The expected output is every line of the data exactly as shown, minus the images.

*** Raw data ***

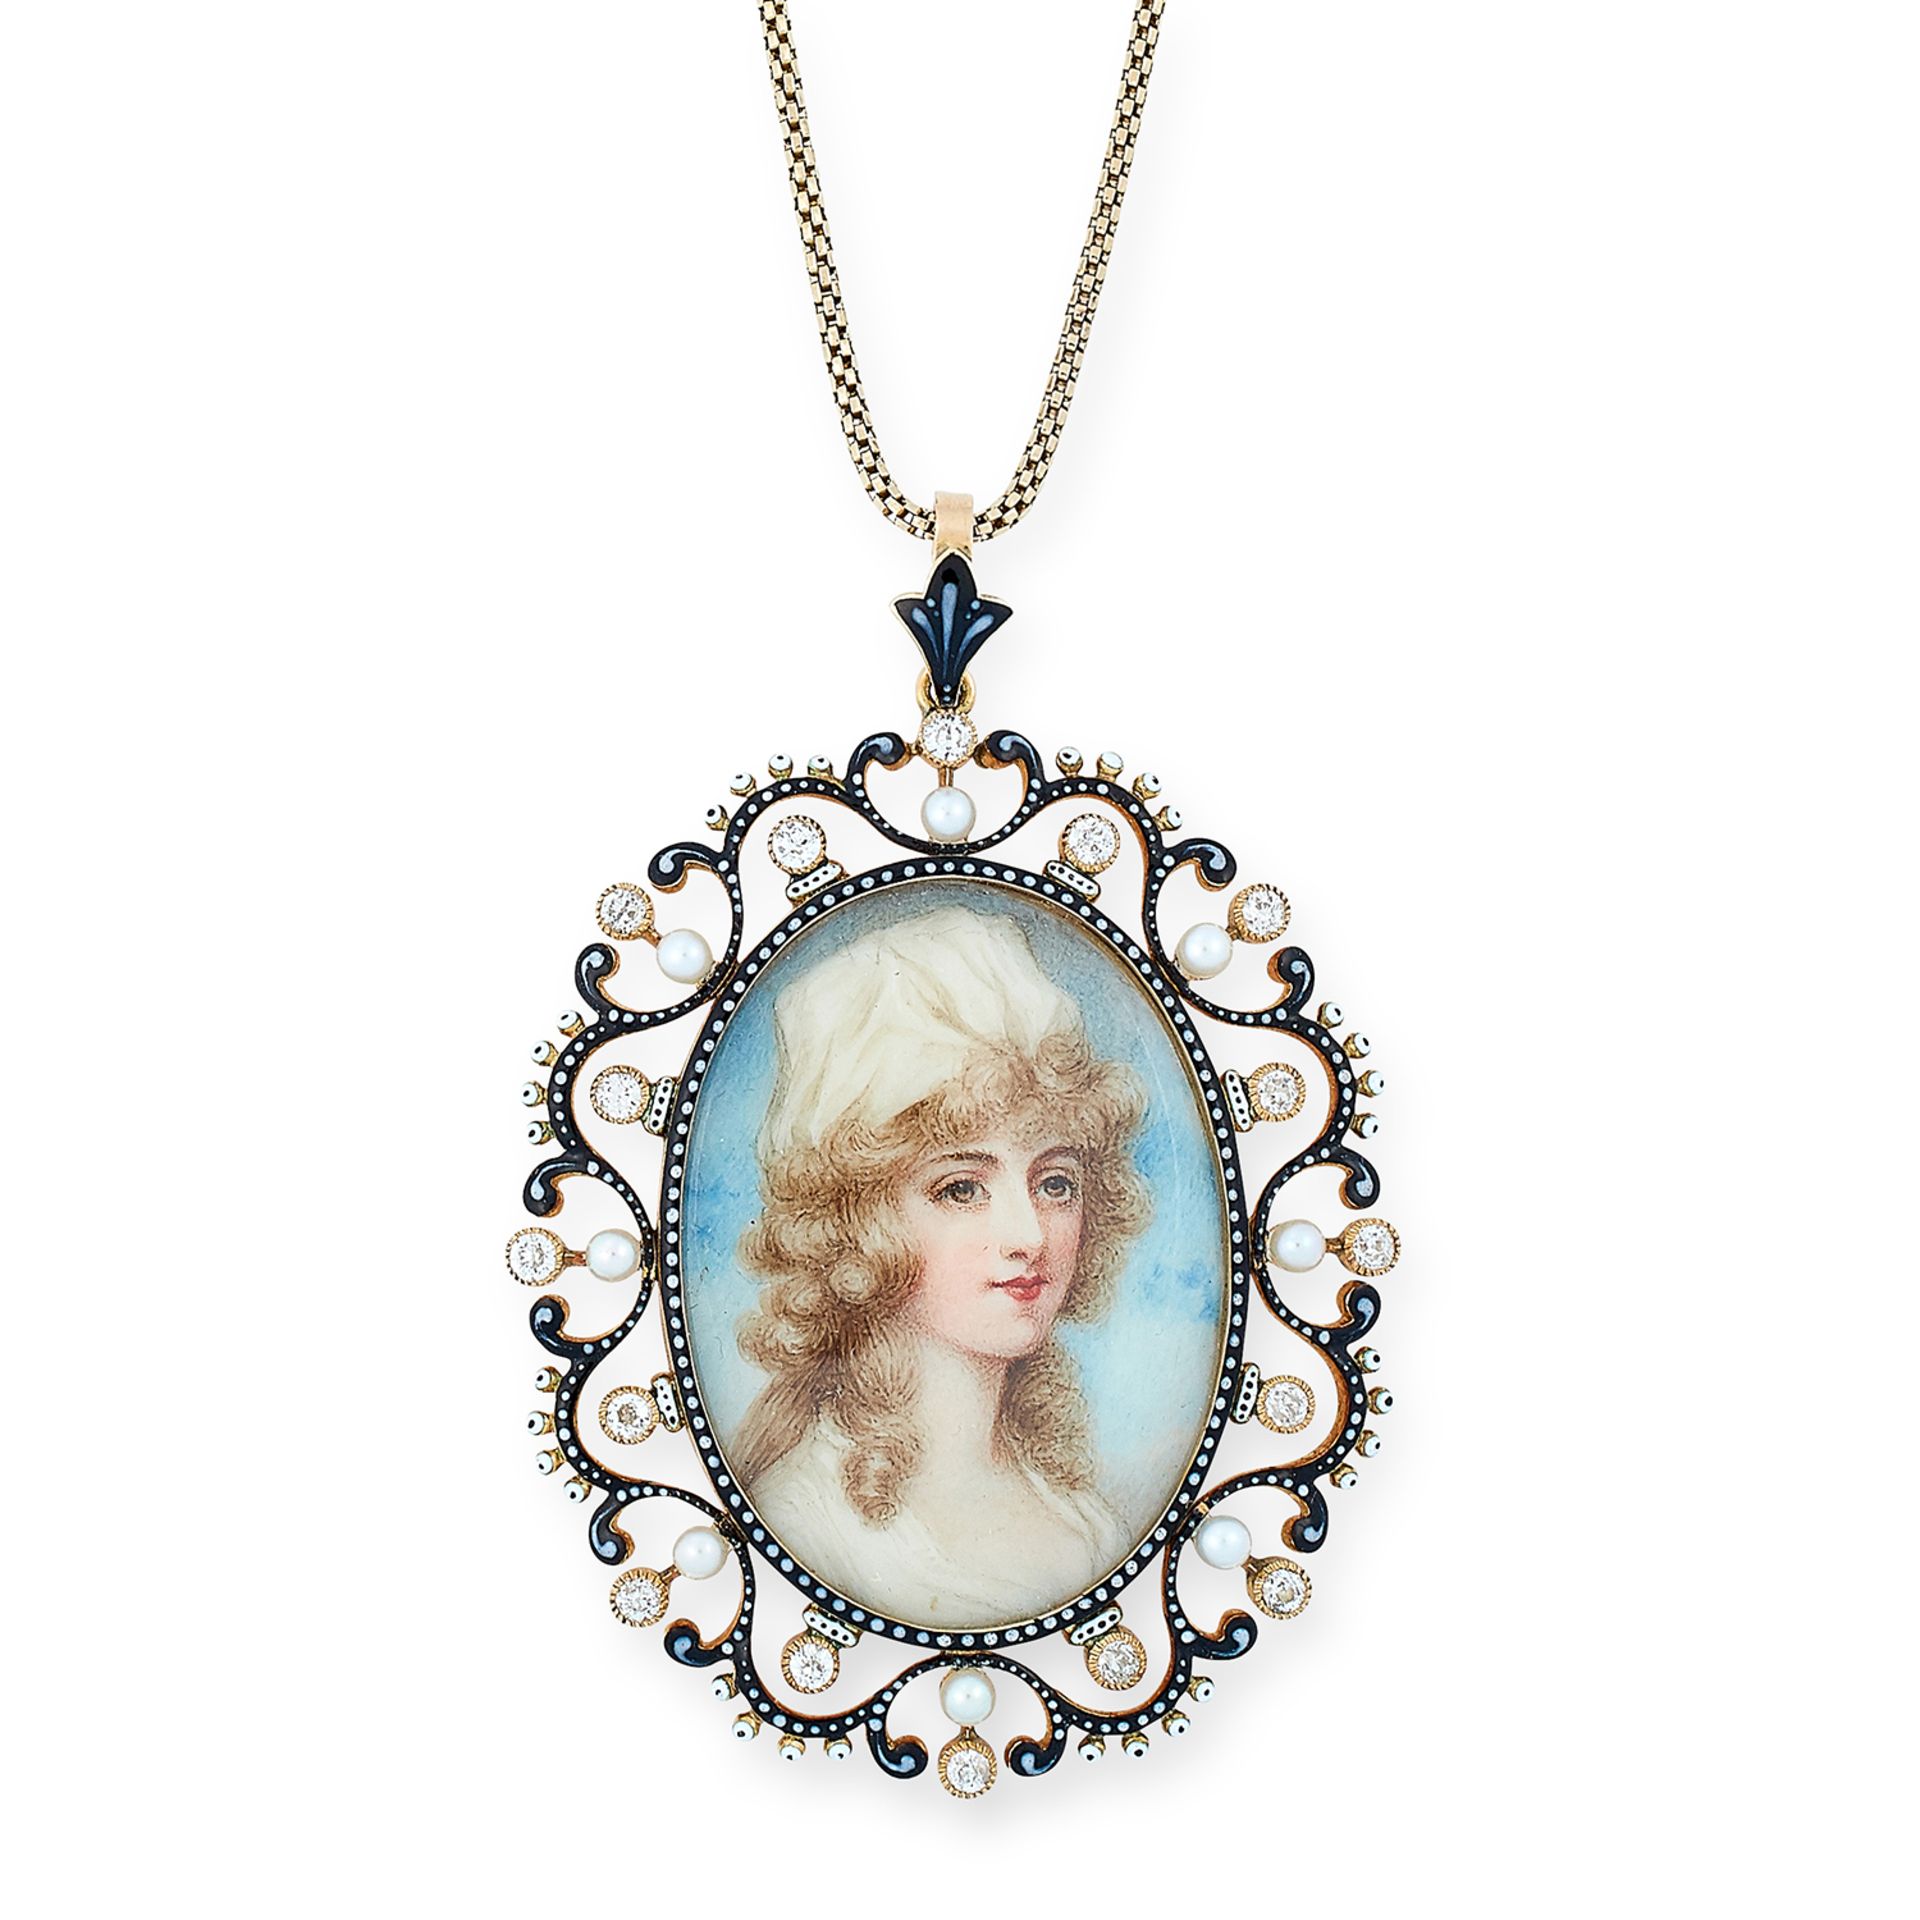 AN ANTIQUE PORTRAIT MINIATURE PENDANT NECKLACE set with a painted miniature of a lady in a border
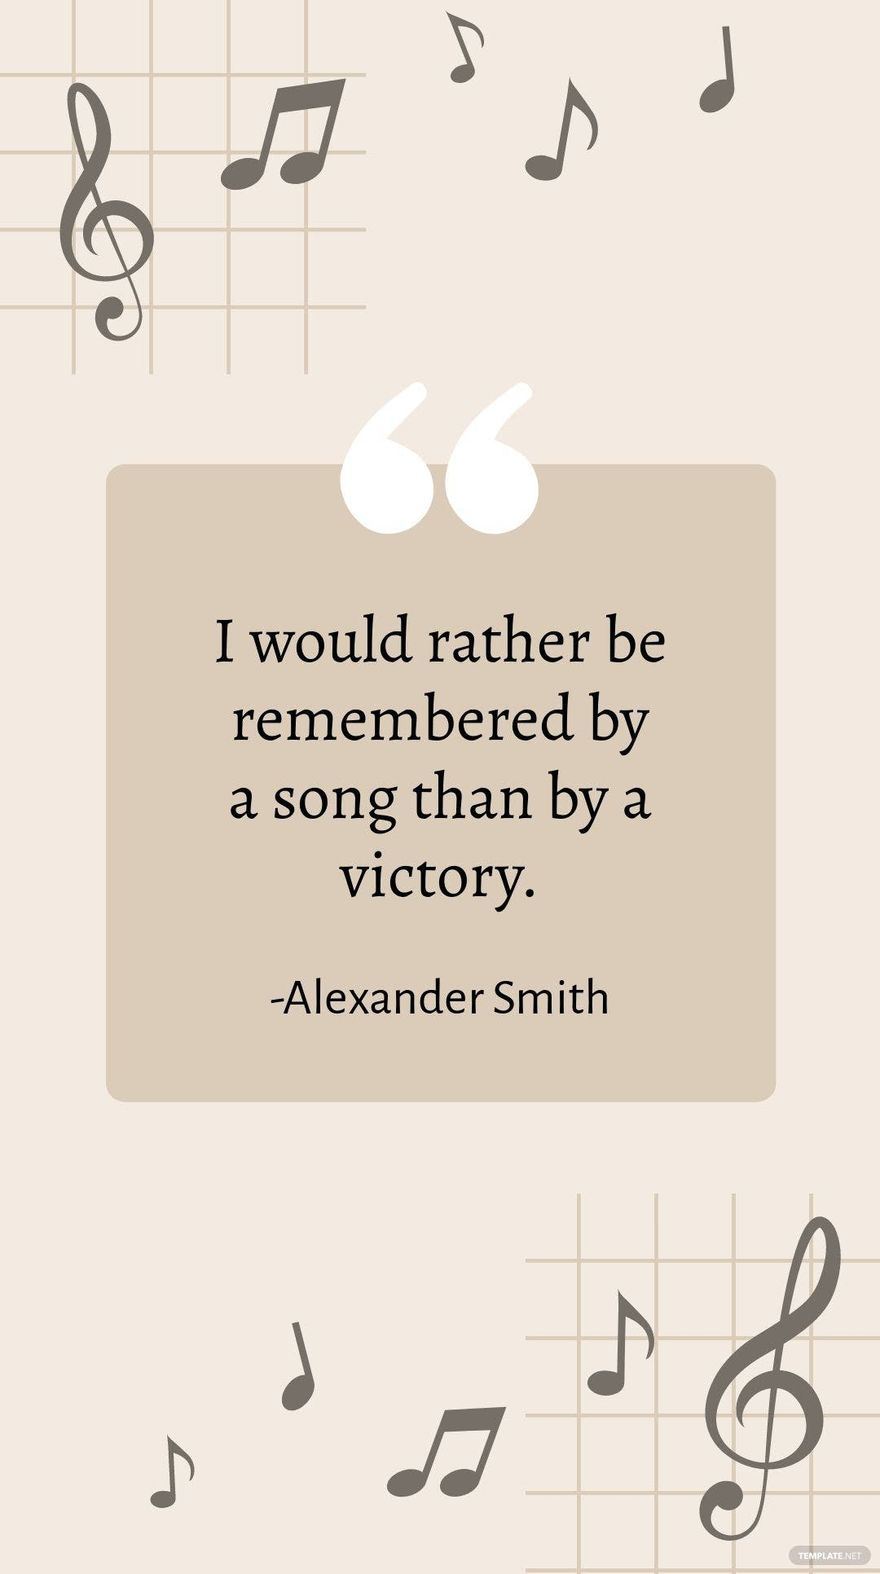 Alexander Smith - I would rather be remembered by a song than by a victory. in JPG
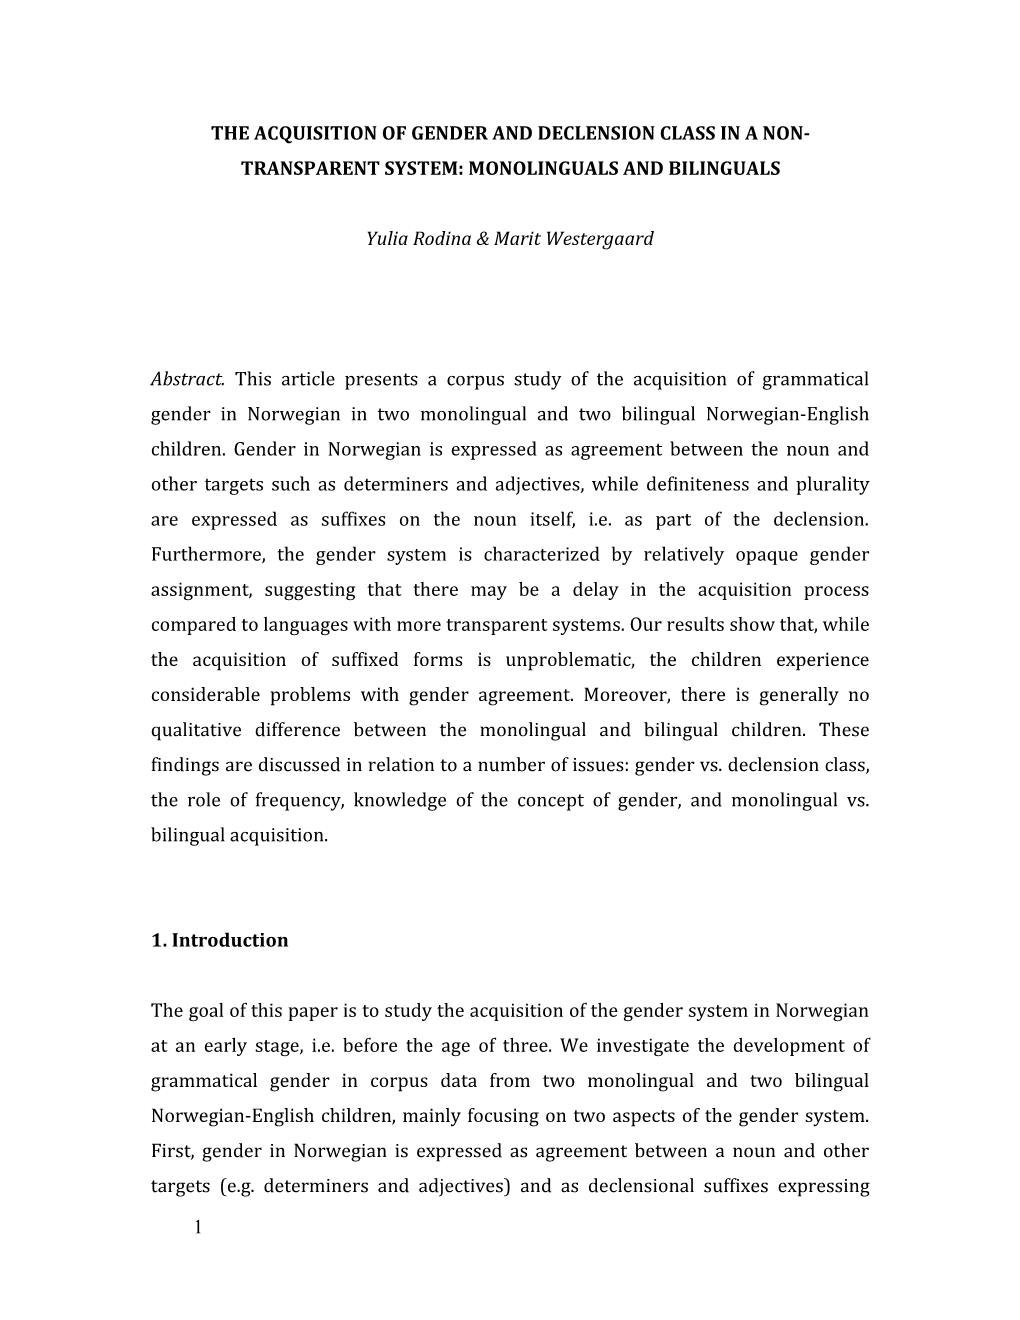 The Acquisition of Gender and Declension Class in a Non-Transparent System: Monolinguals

***

== Response ==
 AN ANTIQUE PORTRAIT MINIATURE PENDANT NECKLACE set with a painted miniature of a lady in a border
 Alexander Smith - I would rather be remembered by a song than by a victory. in JPG
 The Acquisition of Gender and Declension Class in a Non-Transparent System: Monolinguals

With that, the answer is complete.